What are Neuroprosthetics and How do They Work?

10-12-2019 | By Moe Long

Where once prosthetics were crude and simplistic, now they’re carefully engineered works of art. In fact, with breakthroughs such as neuroprosthetic limbs, there’s even the potential for prosthetics to interface with the human brain. Learn all about the future of prosthetics!

What are Neuroprosthetics?

As the name suggests, neuroprosthetics combines neural processing with prosthetics. Essentially, these devices interface with the human brain to control artificial limbs. It works via a brain-computer interface (BCI), or a brain-machine interface. Using a brain-computer interface, it’s possible to control a computer using thoughts. Certain thoughts, like moving or flexing a muscle, create an electrical activity which in turn activates nerve cells as well as brainwaves. 

Where neuroprosthetics differs from traditional prosthetics is that it’s more closely aligned to how the human body functions. When you move a body part, the brain sends electrical impulses which ultimately cause that limb to perform the desired task. Whereas a non-neuroprosthetic may be difficult to learn and control, brain-computer interfaces are, theoretically, easier to manage.

How do Neuroprosthetics Work?

A brain-machine interface relies either on a chip implanted in the user’s brain or electrodes placed upon the scalp. That way signals from the brain may be read by the prosthetic device itself. The BCI is an input/output device that bridges the brain and prosthetic devices. The same signals that would control an organic limb fire, and thus perform the desired function. 
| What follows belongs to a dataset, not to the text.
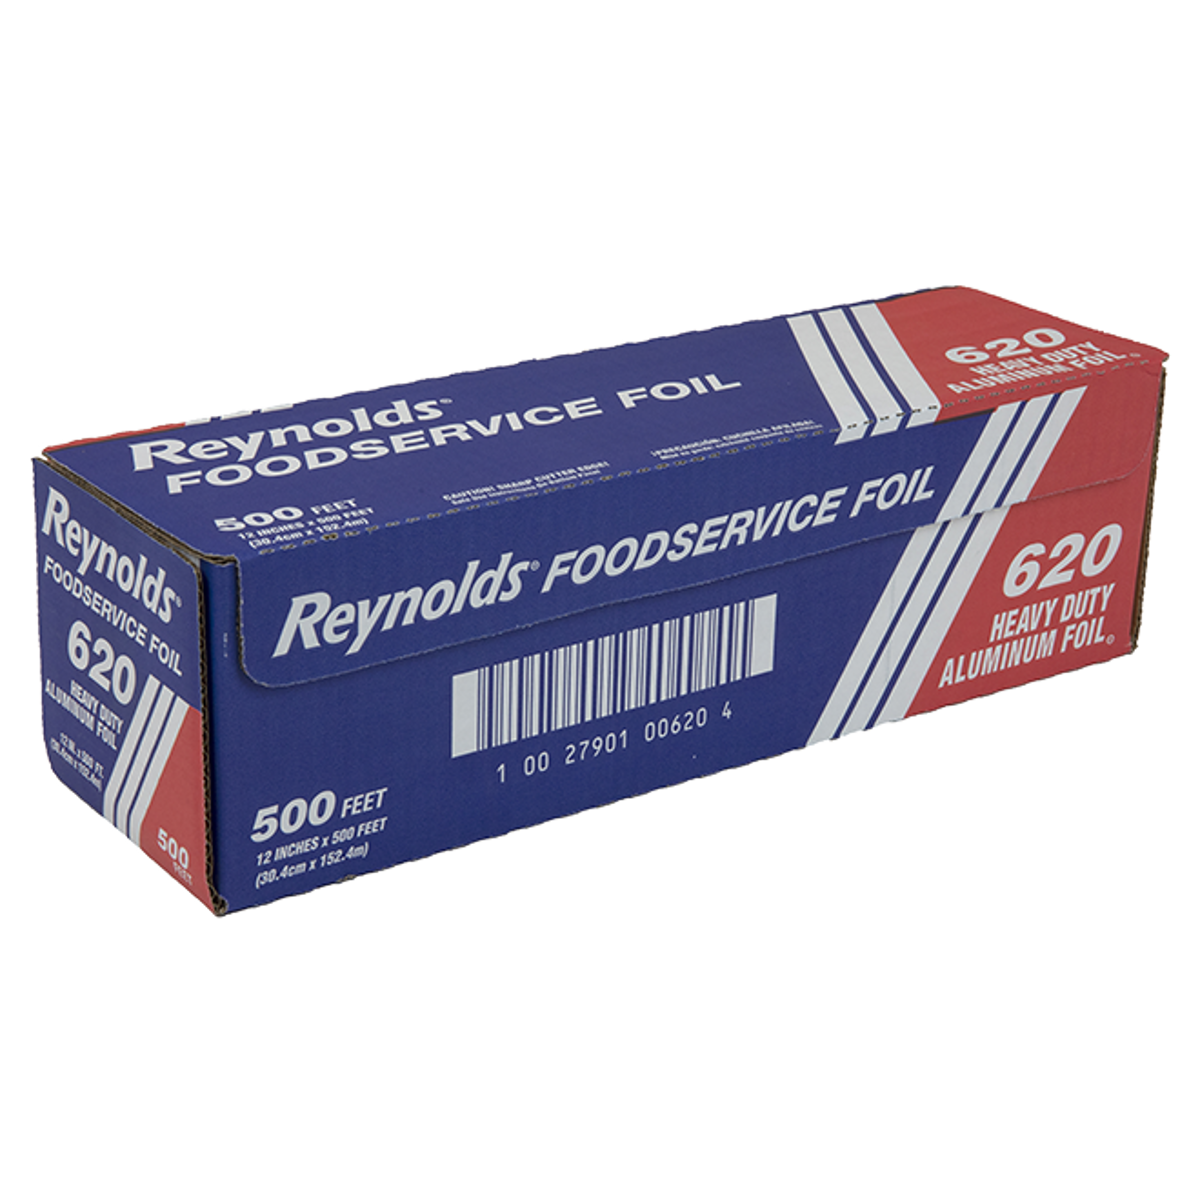 Reynolds 721 Reynolds Silver Foil 12 x 10.75 - 500 ct - 1 item
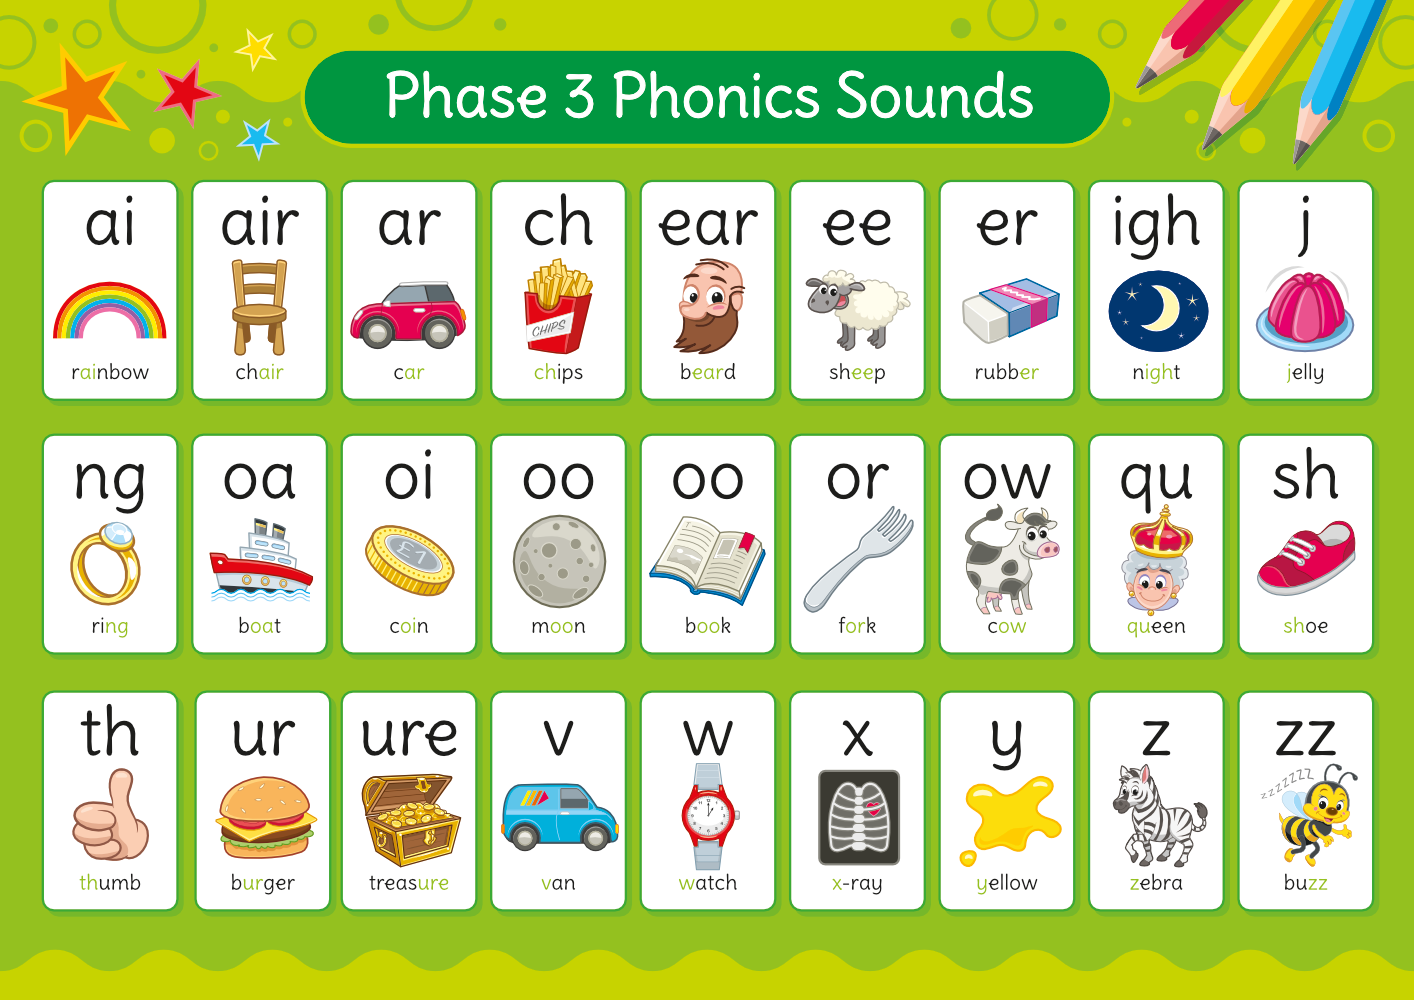 Share sounds. Phonics. Phase 3 Phonics. Phonic Sounds. Phase 2 Phonics Sounds.

brain-controlled prosthetic limbs

Man controls a prosthetic arm and hand at the University of Pittsburgh Medical Center. 

Credit: Pitt/UPMC 

The signals may be sent via electrodes on the scalp, the brain’s surface, peripheral nerves, and embedded within the brain. Depending on the type of electrodes used, it’s a pretty simple procedure or a rather invasive implantation. There’s a directly proportional correlation between ease of application and control. For instance, electrodes on the scalp work fine for simple control such as bending and straightening a knee. But electrodes implanted in a brain, or intraparenchymal electrodes, offer much greater fine motor control like the ability to control arms and drink out of cups. In between, electrocorticography (ECoG) offers a means of recording brain activity with electrodes placed upon the surface of the cortex. It’s less invasive as an electrode implanted into the brain but boasts more control than electrodes on the scalp. 

Mapping the Brain

But it’s not as simple as hooking up a brain-machine interface and connecting everything. Rather, brain imaging is first necessary. Mapping the brain provides intent into what a brain signal means, and how the body is supposed to respond accordingly. Artificial intelligence can expedite this process. Still, there’s definitely learning period wherein calibration is required. 

man controls legs with brain

The Future of Prosthetics

Prosthetics, both neuroprosthetics and otherwise, have evolved greatly. Even a prosthesis that allows for running is a massive improvement from where the field began. Yet now brain-computer interfaces have been successfully implemented. A paraplegic man, for example, pulled off the first World Cup kick with a neuroprosthesis. Similarly, a Roman woman began using a BCI-powered hand that even senses touch. Once the subject of science fiction, neuroprosthetics have seeped into the mainstream with field-tested hardware. Expect the accuracy and ease of implementation to only improve.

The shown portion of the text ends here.